*** Extracted entries ***
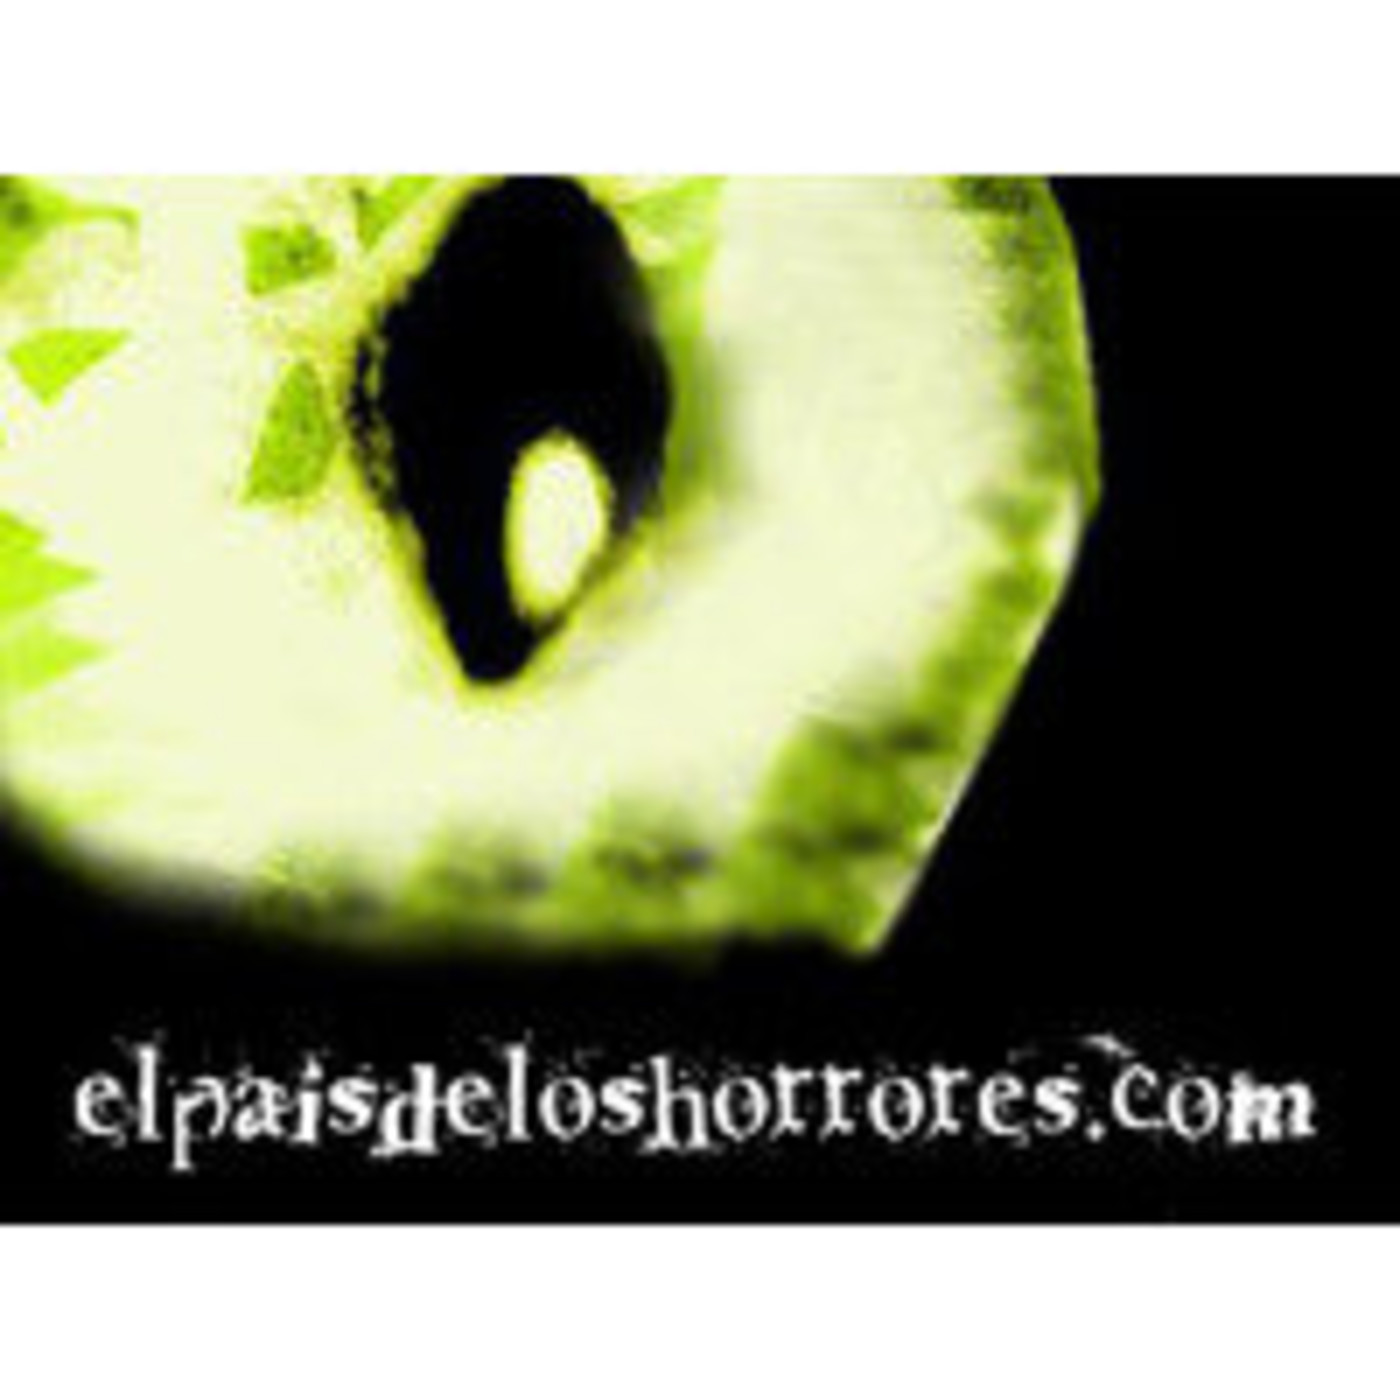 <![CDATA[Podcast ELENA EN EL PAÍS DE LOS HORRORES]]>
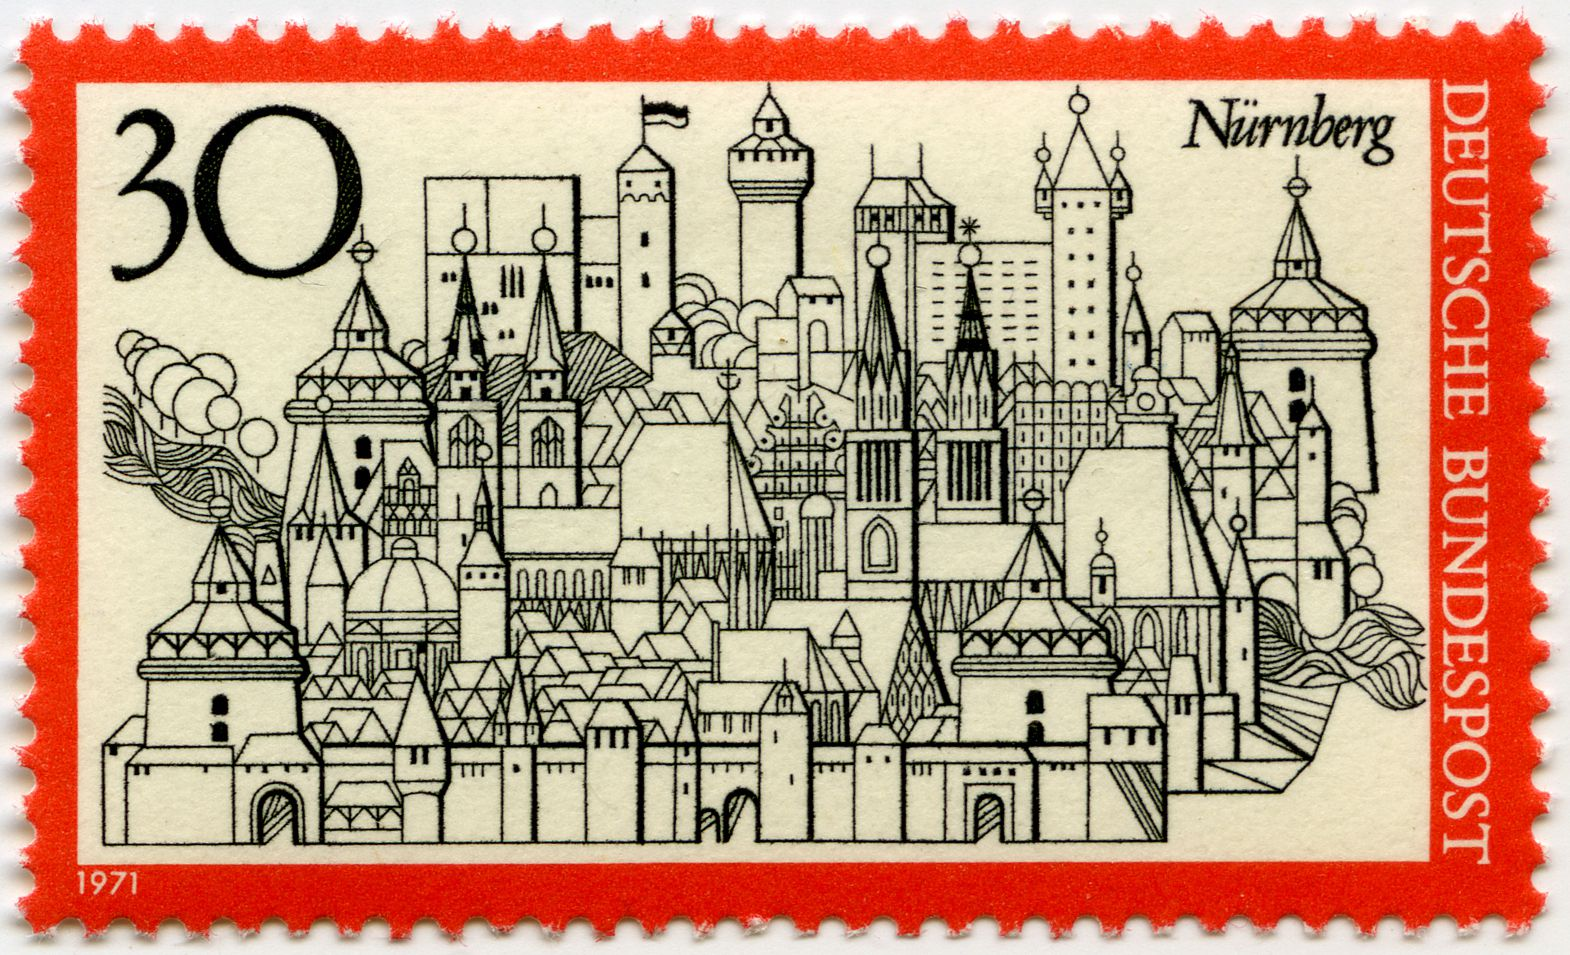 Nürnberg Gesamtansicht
***
*** Extracted entries ***
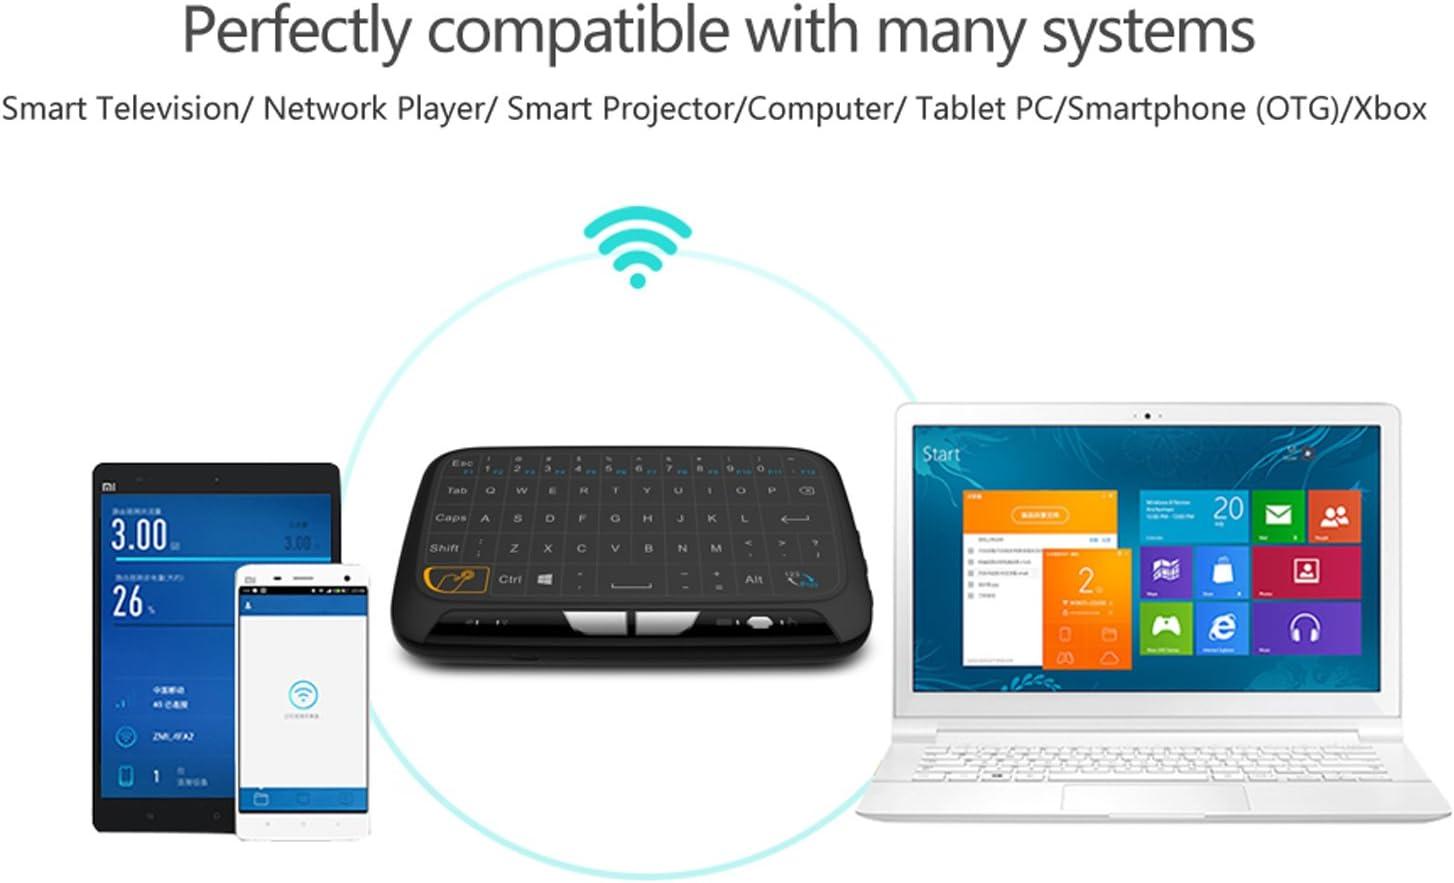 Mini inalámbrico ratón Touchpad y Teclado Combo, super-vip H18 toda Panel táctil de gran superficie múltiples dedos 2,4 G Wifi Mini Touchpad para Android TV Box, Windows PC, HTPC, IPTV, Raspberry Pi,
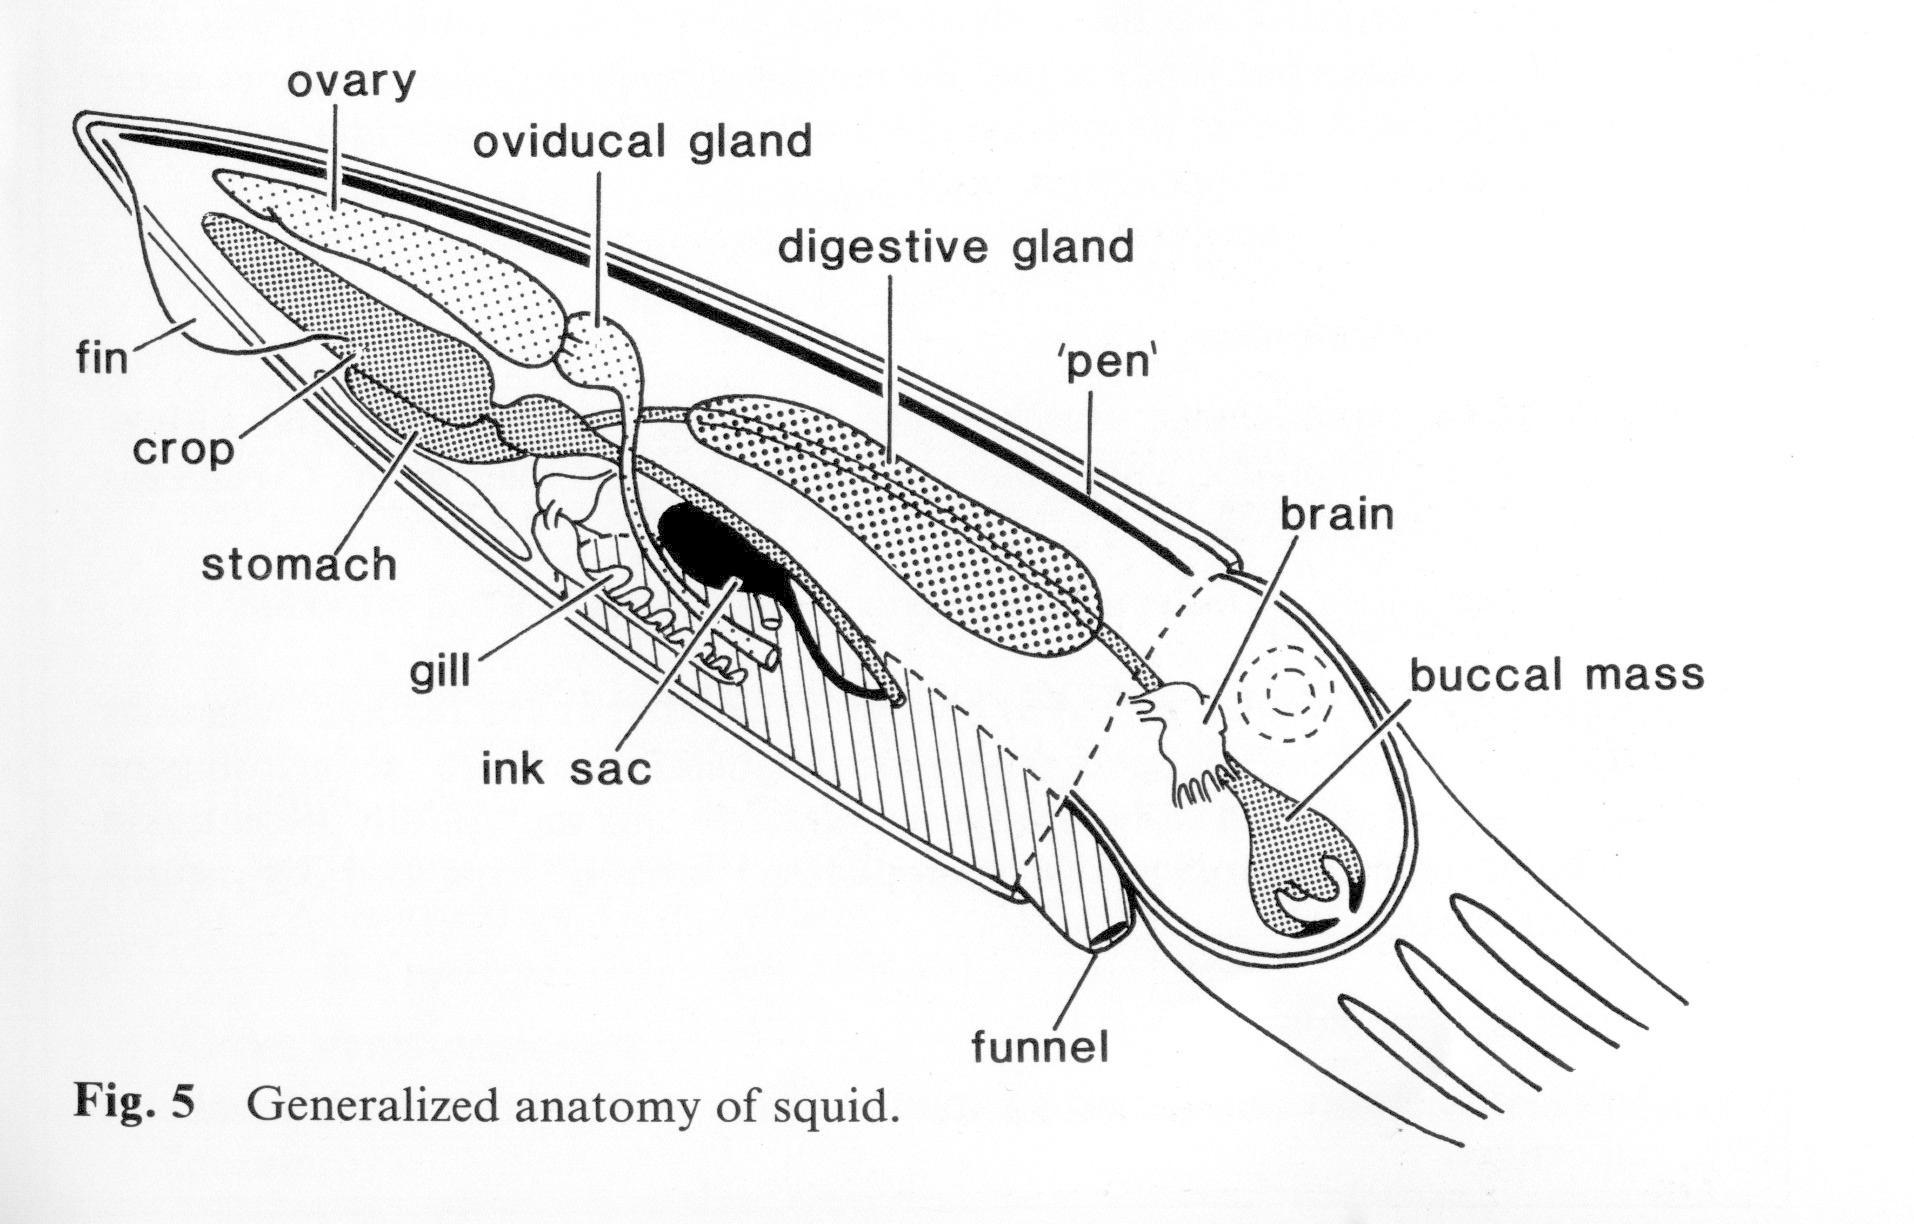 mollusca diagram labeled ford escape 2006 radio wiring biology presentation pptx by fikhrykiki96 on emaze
***
▶ _Task_
Only one stretch of the entries above is needed: the lines from the one containing "<![CDATA[Podcast ELENA EN" through the one containing "Nürnberg Gesamtansicht". Copy it exactly, without the pictures.

▶ _Task result_
 <![CDATA[Podcast ELENA EN EL PAÍS DE LOS HORRORES]]>
 Nürnberg Gesamtansicht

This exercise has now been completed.